Department of Biomedical Engineering, University of California Davis, Davis, CA 95616, United States of America.

Department of Neurological Surgery, University of California Davis, Sacramento, CA 95817, United States of America; Center for Neuroscience, University of California Davis, Davis, CA 95618, United States of America.

出版信息

Neurobiol Dis. 2019 Sep;129:169-181. doi: 10.1016/j.nbd.2019.02.009. Epub 2019 Feb 21.

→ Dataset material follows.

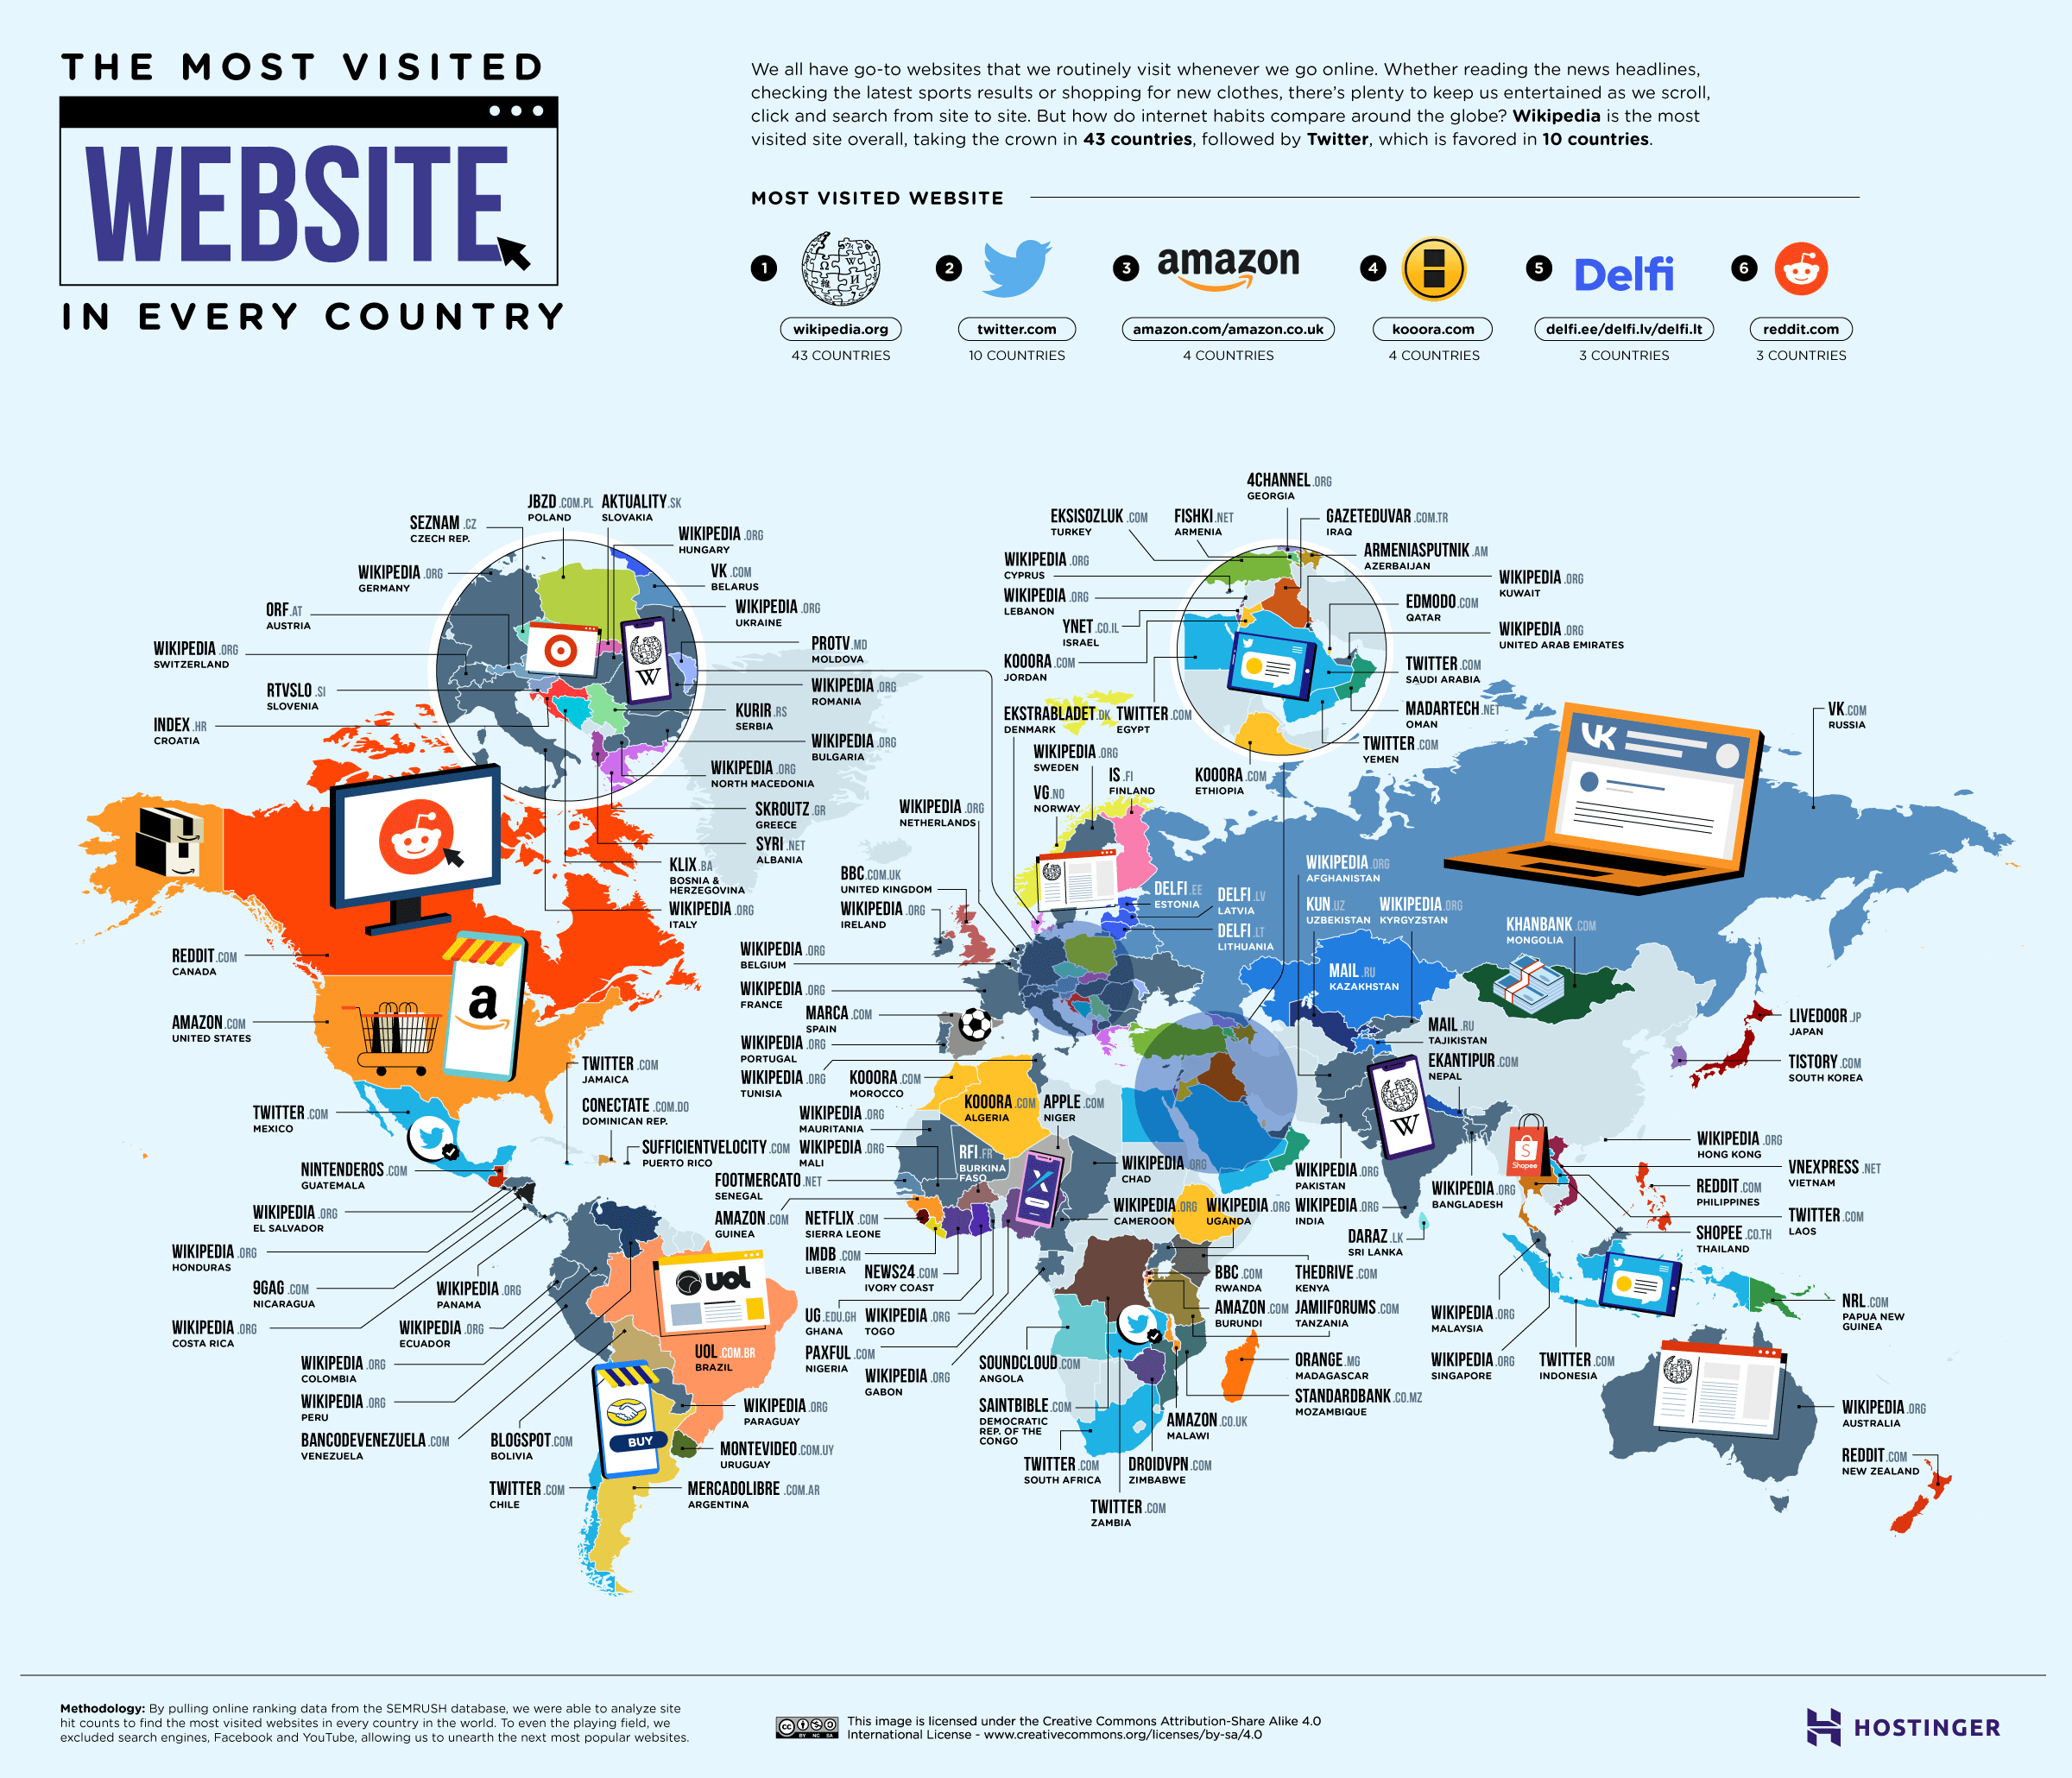 Most Website Every Country (That Isn't A Search Engine)

DOI:10.1016/j.nbd.2019.02.009
PMID:30798003
Abstract

Despite decades of research, our understanding of epilepsy, including how seizures are generated and propagate, is incomplete. However, there is growing recognition that epilepsy is more than just the occurrence of seizures, with patients often experiencing comorbid deficits in cognition that are poorly understood. In addition, the available therapies for treatment of epilepsy, from pharmaceutical treatment to surgical resection and seizure prevention devices, often exacerbate deficits in cognitive function. In this review, we discuss the hypothesis that seizure generation and cognitive deficits have a similar pathological source characterized by, but not limited to, deficits in theta oscillations and their influence on interneurons. We present a new framework that describes oscillatory states in epilepsy as alternating between hyper- and hypo-synchrony rather than solely the spontaneous transition to hyper-excitability characterized by the seizures. This framework suggests that as neural oscillations, specifically in the theta range, vary their tempo from a slowed almost adagio tempo during interictal periods to faster, more rhythmic allegretto tempo preictally, they impact the function of interneurons, modulating their ability to control seizures and their role in cognitive processing. This slow wave oscillatory framework may help explain why current therapies that work to reduce hyper-excitability do not completely eliminate seizures and often lead to exacerbated cognitive deficits.

摘要

尽管已经进行了几十年的研究,但我们对癫痫的理解,包括癫痫发作的产生和传播方式,仍不完整。然而,人们越来越认识到,癫痫不仅仅是发作的发生,患者经常经历认知功能的合并缺陷,而这些缺陷还没有得到很好的理解。此外,癫痫的治疗方法,从药物治疗到手术切除和预防癫痫发作的设备,往往会加重认知功能的缺陷。在这篇综述中,我们讨论了这样一个假设,即癫痫发作的产生和认知缺陷具有相似的病理来源,其特征不仅限于θ 振荡的缺陷及其对中间神经元的影响。我们提出了一个新的框架,将癫痫中的振荡状态描述为在超同步和低同步之间交替,而不仅仅是由癫痫发作所表现出的自发向高兴奋性的转变。这个框架表明,神经振荡,特别是在θ 范围内,其节奏从发作间期的缓慢几乎是行板节奏变化到发作前更快、更有节奏的小快板节奏,它们会影响中间神经元的功能,调节它们控制癫痫发作的能力及其在认知处理中的作用。这个慢波振荡框架可以帮助解释为什么目前那些旨在降低过度兴奋的治疗方法不能完全消除癫痫发作,并且经常导致认知缺陷的恶化。